WHAT TO DO>
Would you retype exactly the lines below, starting with the one that has "Black-and-Gold-Round-Glasses-1" and going on through the one that has "I need a room", with no pictures and nothing else?

GIVEN ENTRIES>

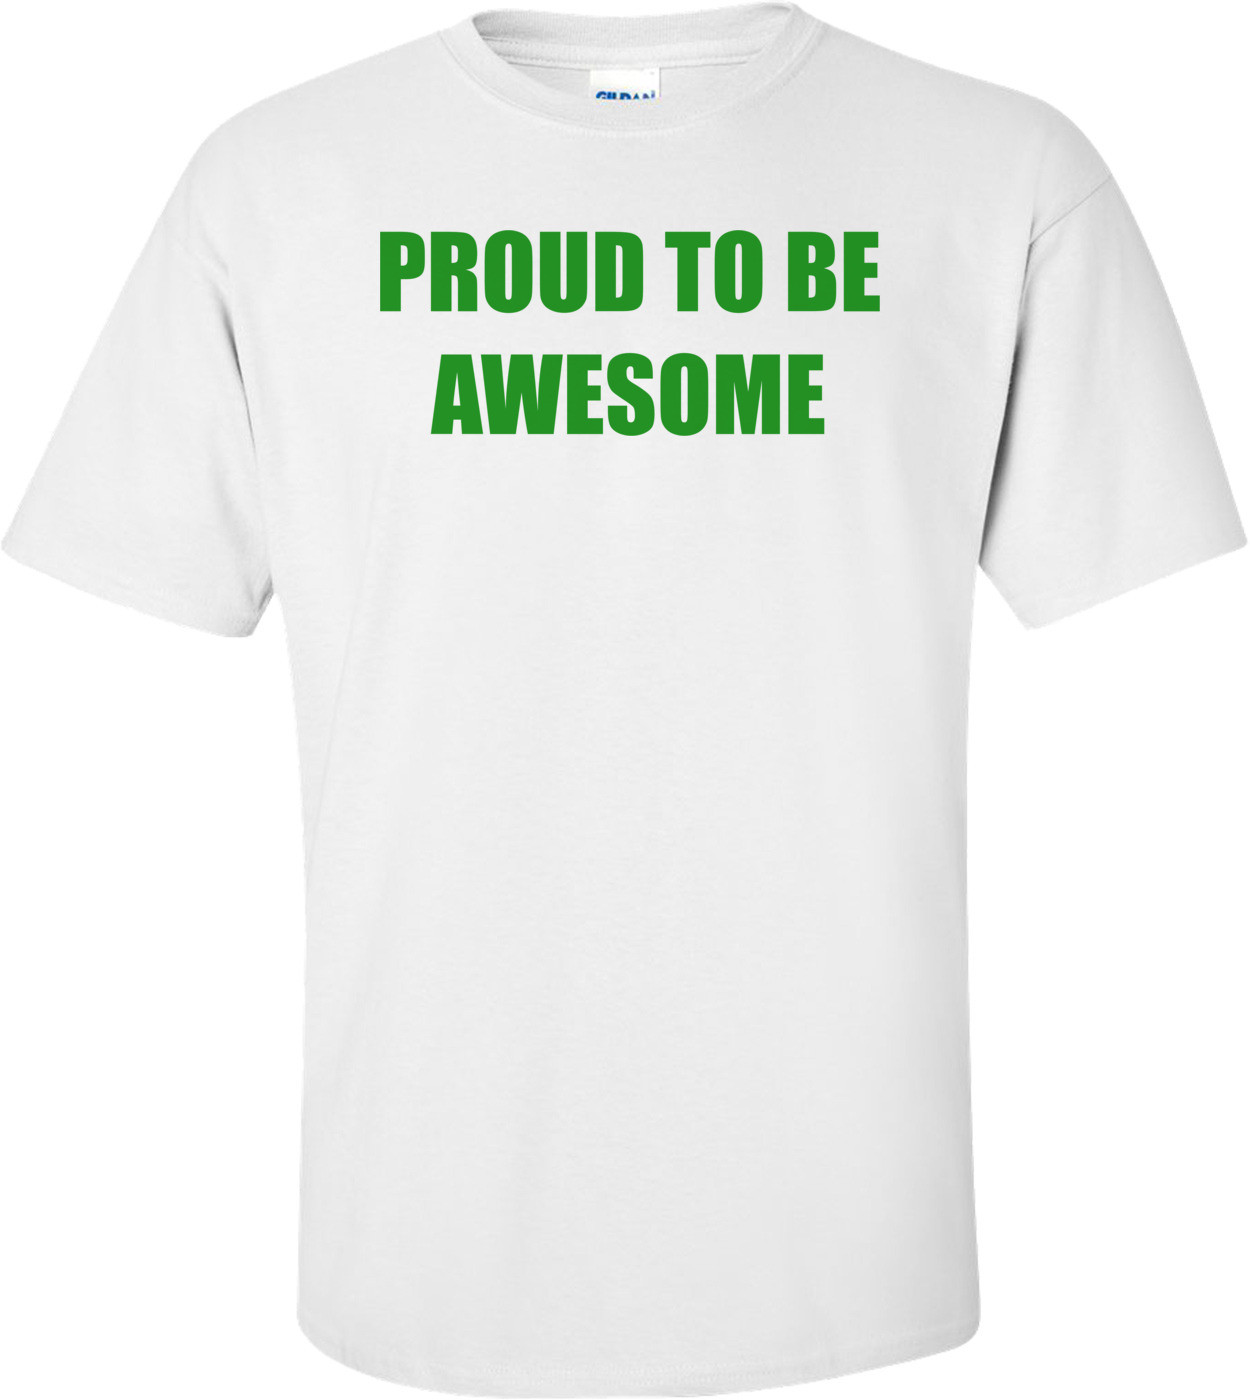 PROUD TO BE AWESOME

==

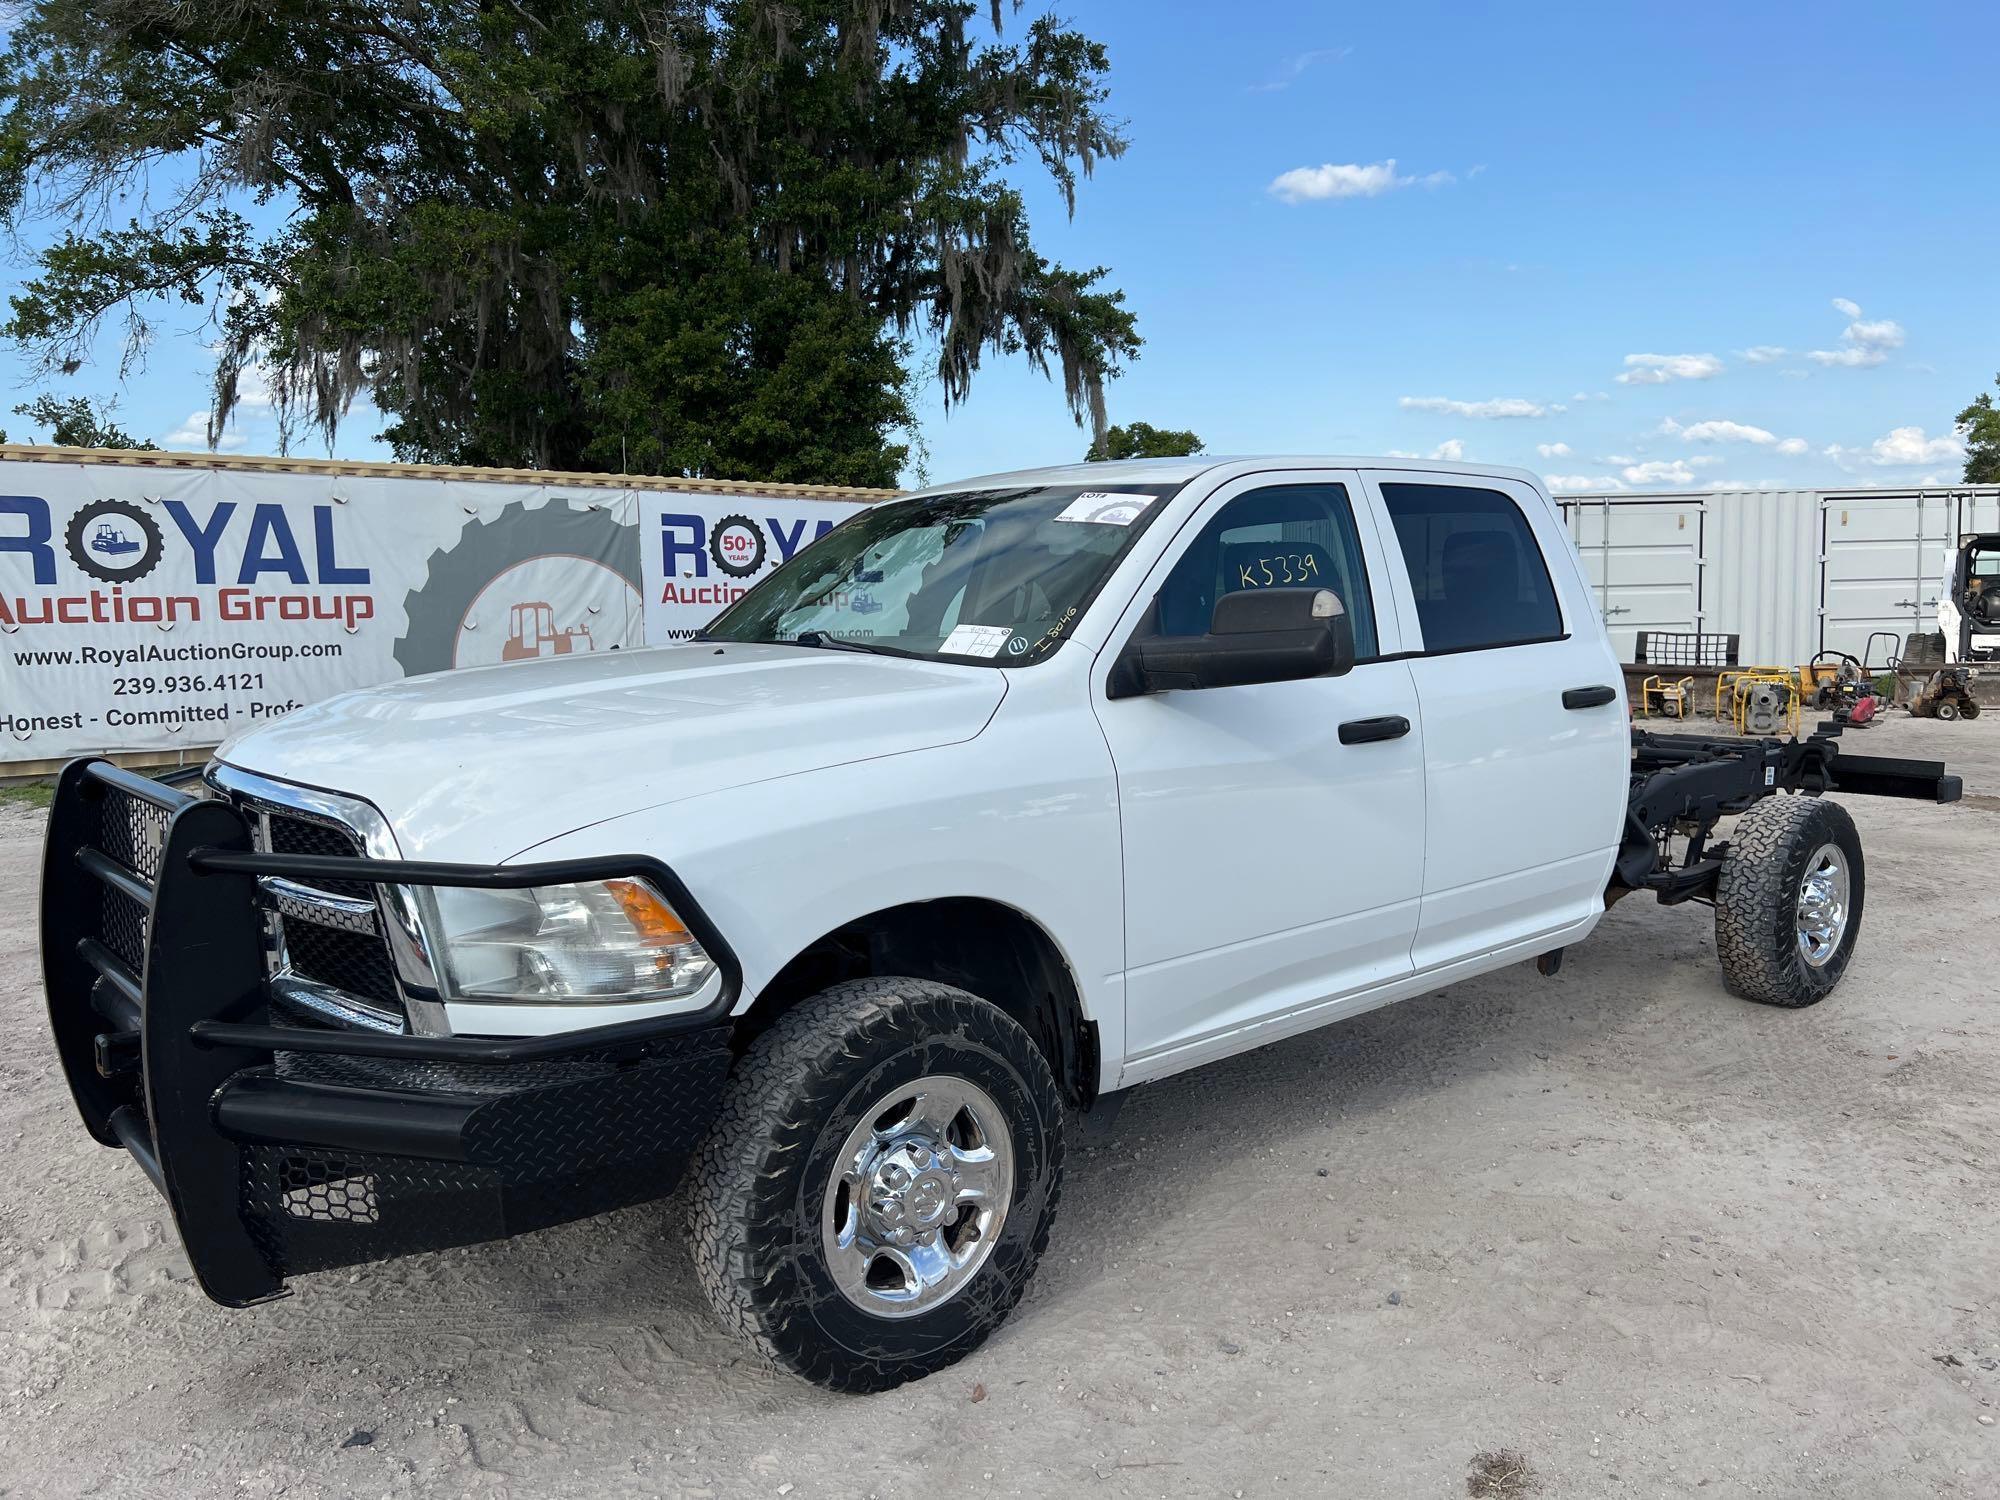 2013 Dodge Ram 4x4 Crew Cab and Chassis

==

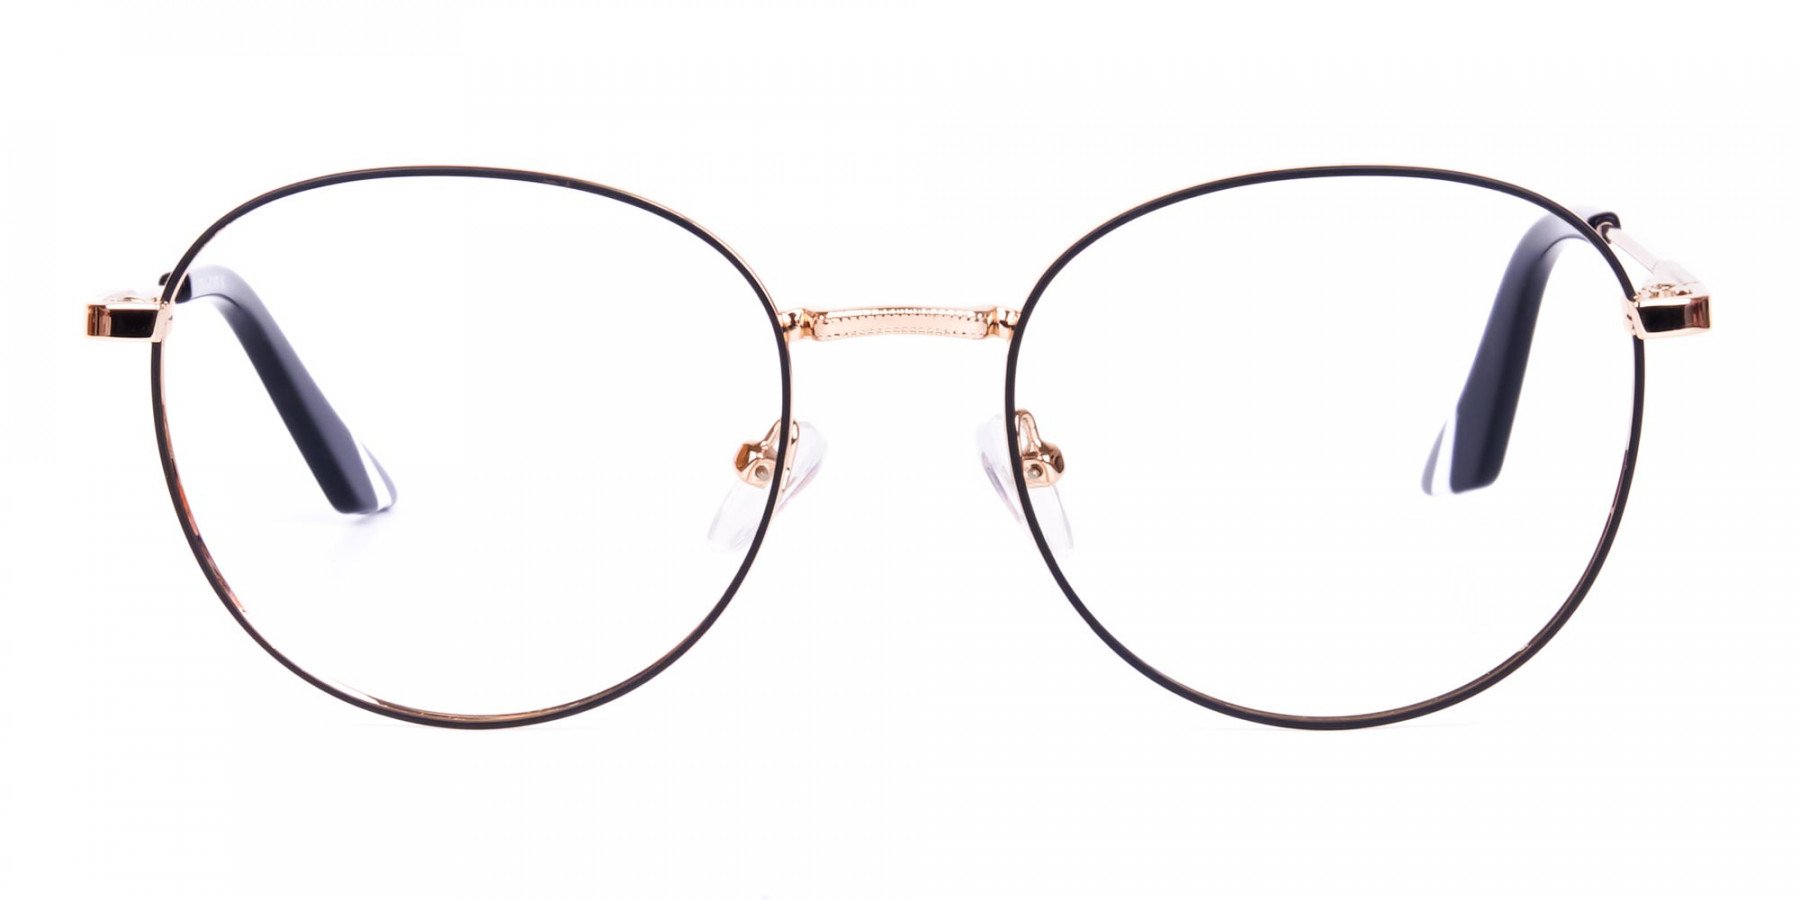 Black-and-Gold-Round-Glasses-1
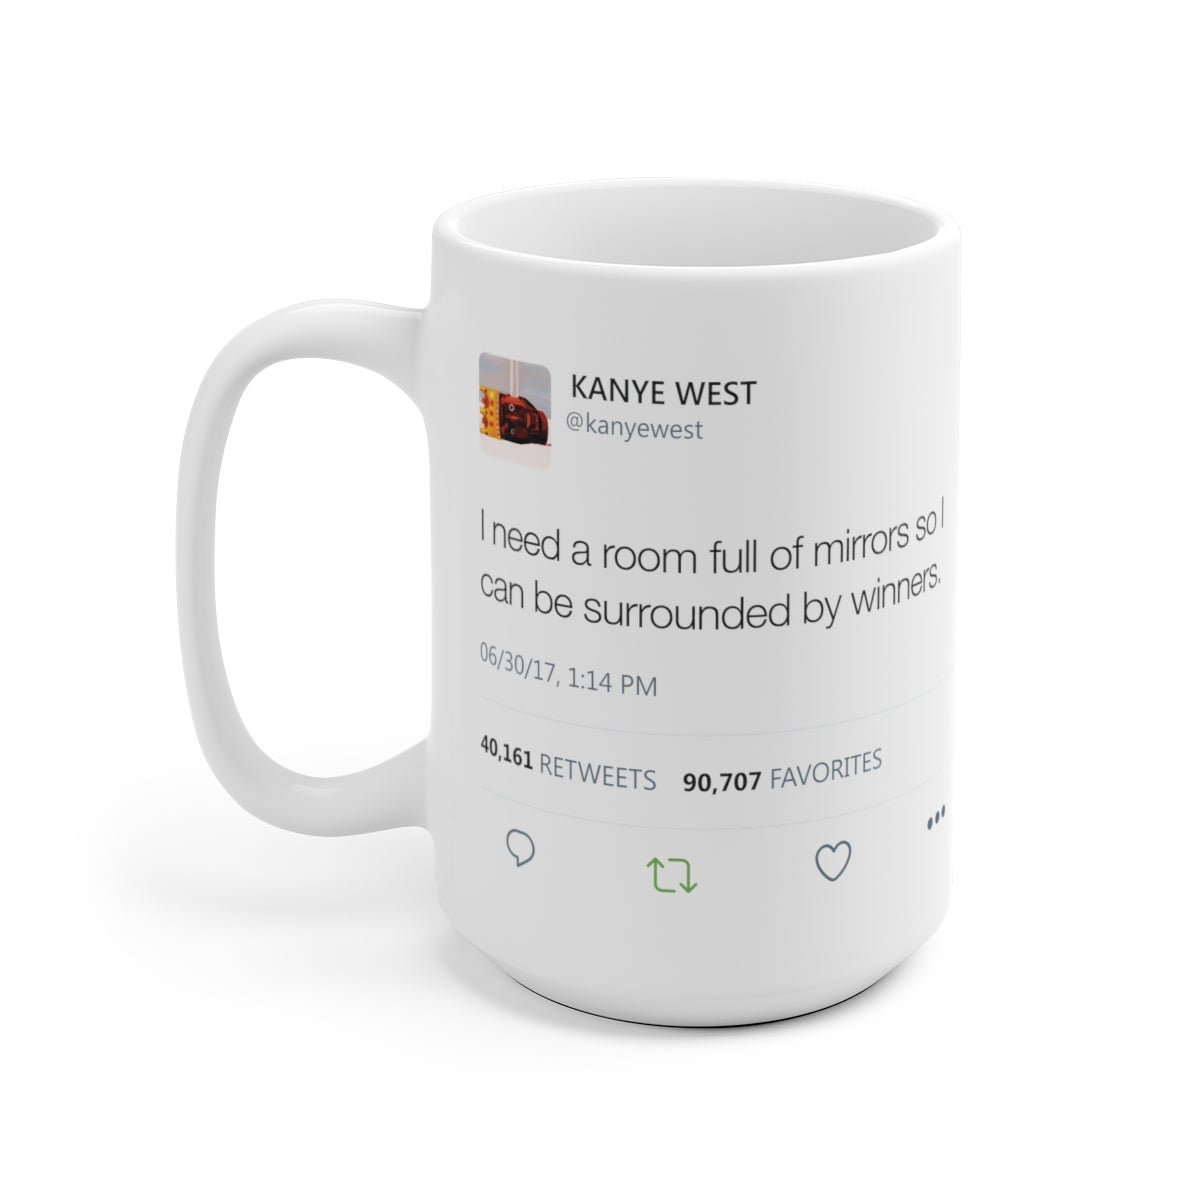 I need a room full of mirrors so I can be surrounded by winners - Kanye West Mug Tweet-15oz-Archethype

SOLVED PROBLEM>
 Black-and-Gold-Round-Glasses-1
 I need a room full of mirrors so I can be surrounded by winners - Kanye West Mug Tweet-15oz-Archethype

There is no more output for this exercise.